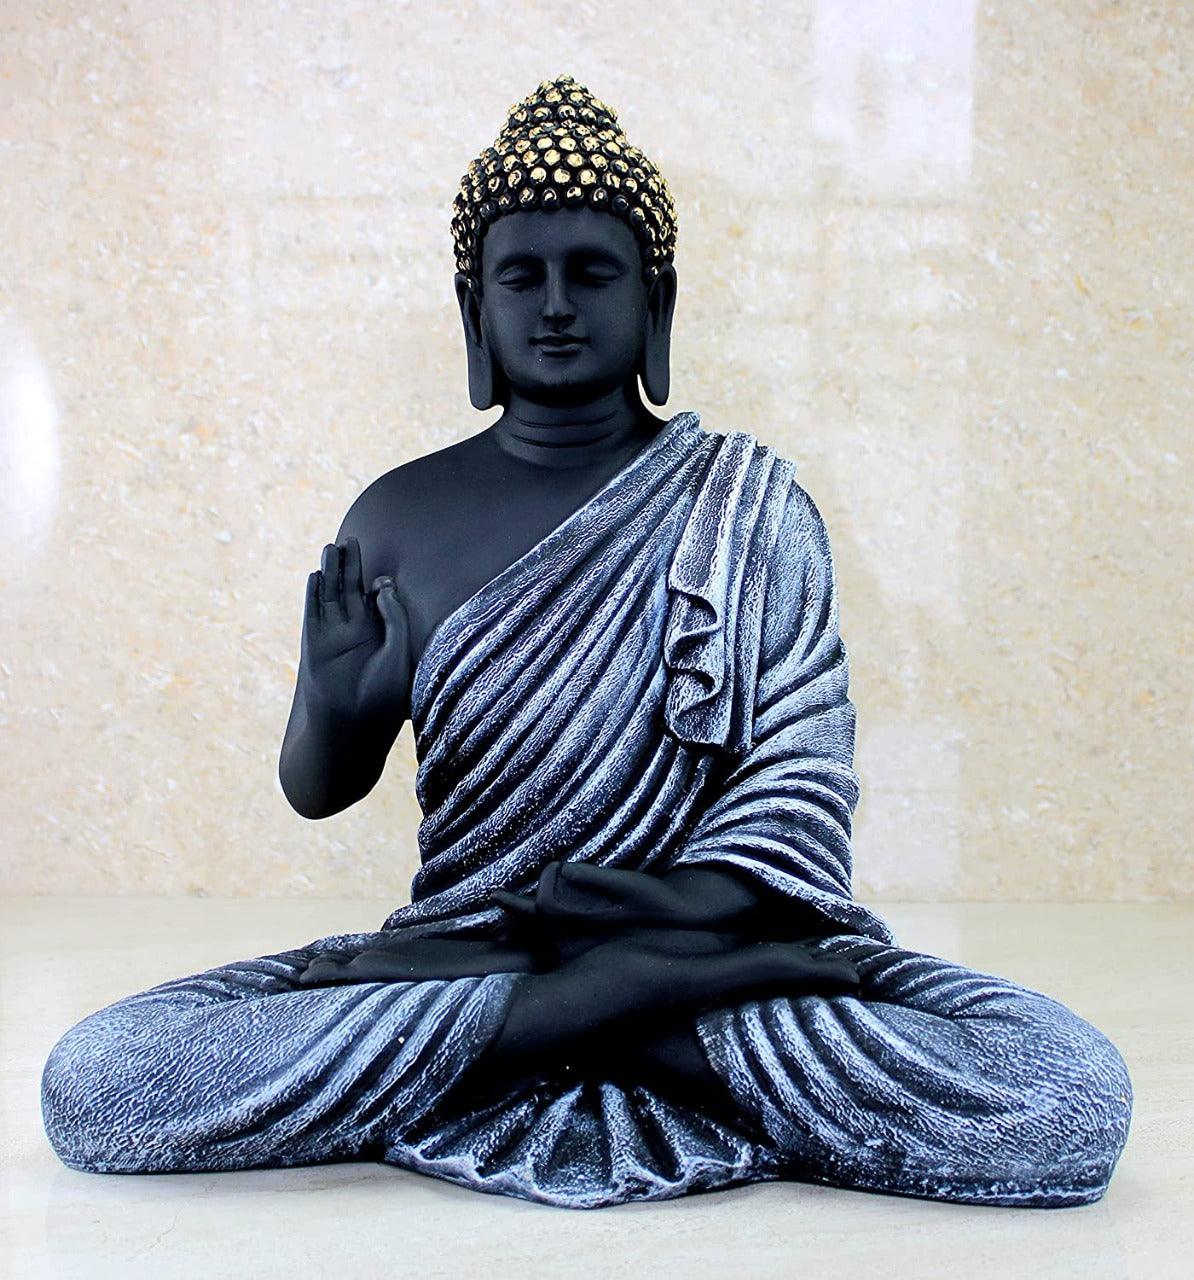 Statue ALiLA Copy of Big Size Meditating Beige Buddha Idol Statue Showpiece for Home Garden Living Room Decor Decoration Gift Gifting Items, 14 inches / 35cm / 1 Feet Statue
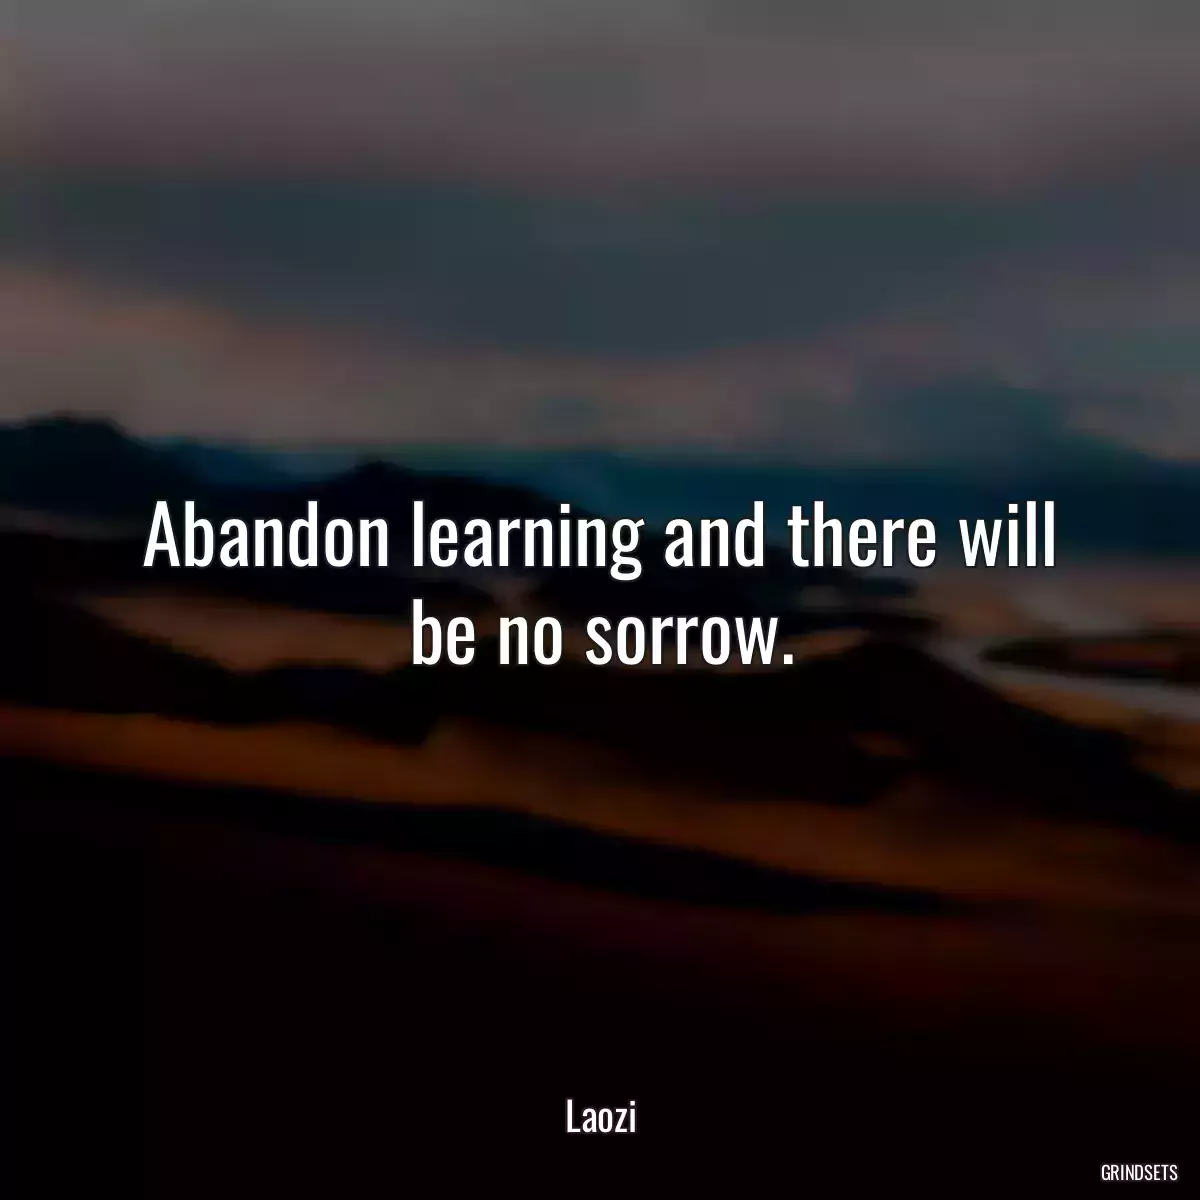 Abandon learning and there will be no sorrow.
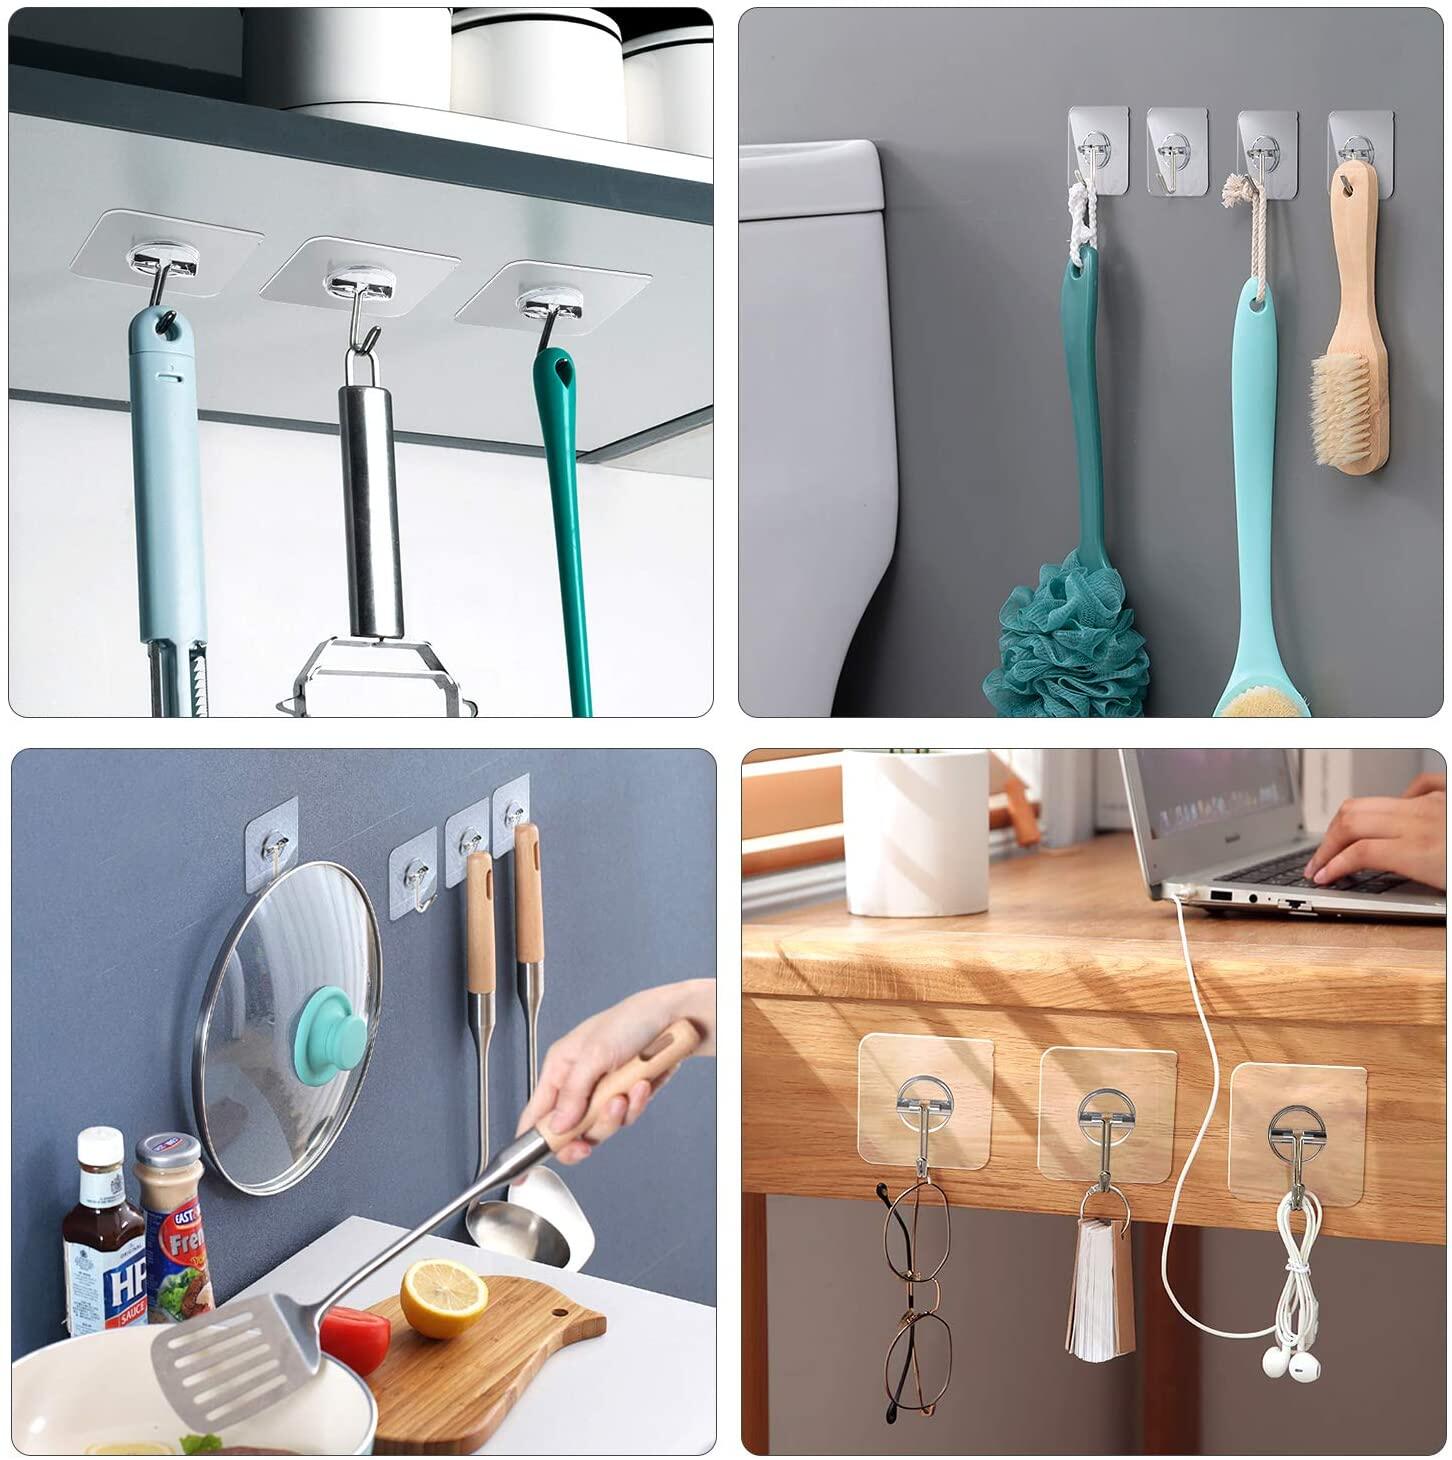 12x Strong Transparent Suction Cup Sucker Wall Hooks Hanger For Kitchen Bathroom

# ASSIGNMENT:
Except for the pictures, write the data out exactly.

# ANSWER TO THE PROBLEM:
 Statue ALiLA Copy of Big Size Meditating Beige Buddha Idol Statue Showpiece for Home Garden Living Room Decor Decoration Gift Gifting Items, 14 inches / 35cm / 1 Feet Statue
 Abandon learning and there will be no sorrow.
 12x Strong Transparent Suction Cup Sucker Wall Hooks Hanger For Kitchen Bathroom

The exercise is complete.